**WORK ITEM:**
In the records that follow, how many lines contain the word "Gifts"? Give only that figure.

━━━━━━━━━━━━━━━━━━━━━━━━━━━━━━

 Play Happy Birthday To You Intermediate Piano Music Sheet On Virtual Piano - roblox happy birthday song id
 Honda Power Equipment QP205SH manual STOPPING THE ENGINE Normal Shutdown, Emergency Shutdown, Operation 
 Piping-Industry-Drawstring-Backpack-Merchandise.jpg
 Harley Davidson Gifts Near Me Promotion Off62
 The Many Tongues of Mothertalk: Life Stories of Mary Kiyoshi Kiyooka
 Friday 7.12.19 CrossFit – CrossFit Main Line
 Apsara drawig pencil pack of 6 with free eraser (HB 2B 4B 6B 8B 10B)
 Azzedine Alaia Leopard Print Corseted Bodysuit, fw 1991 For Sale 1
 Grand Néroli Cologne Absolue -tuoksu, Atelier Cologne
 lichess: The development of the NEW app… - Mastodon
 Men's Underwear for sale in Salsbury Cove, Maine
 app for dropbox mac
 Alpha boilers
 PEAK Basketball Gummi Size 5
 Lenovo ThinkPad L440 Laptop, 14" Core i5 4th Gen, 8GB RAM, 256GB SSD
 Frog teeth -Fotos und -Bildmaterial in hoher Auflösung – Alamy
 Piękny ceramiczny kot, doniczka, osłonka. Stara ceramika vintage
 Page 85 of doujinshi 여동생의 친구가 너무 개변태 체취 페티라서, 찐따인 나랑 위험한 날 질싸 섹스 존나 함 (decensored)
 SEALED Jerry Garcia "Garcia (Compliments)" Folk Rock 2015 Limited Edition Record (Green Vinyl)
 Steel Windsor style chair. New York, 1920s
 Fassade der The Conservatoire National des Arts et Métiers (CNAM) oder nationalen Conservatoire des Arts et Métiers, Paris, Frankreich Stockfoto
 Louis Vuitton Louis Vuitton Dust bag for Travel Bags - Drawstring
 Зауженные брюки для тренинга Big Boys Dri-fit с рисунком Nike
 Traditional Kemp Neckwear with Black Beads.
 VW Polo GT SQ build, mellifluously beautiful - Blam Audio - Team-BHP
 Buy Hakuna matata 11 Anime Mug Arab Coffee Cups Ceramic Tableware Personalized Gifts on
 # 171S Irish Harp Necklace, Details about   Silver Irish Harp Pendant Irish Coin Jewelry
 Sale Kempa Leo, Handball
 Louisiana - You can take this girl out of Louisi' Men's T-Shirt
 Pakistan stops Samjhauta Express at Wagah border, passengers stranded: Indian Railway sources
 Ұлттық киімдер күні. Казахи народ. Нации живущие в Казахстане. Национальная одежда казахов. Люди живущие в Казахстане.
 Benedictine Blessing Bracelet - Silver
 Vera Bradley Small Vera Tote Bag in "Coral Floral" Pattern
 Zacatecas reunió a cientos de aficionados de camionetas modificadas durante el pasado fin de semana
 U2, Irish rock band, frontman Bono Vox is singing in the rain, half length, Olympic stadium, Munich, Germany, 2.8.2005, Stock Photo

━━━━━━━━━━━━━━━━━━━━━━━━━━━━━━

**OUTPUT BELOW:**
2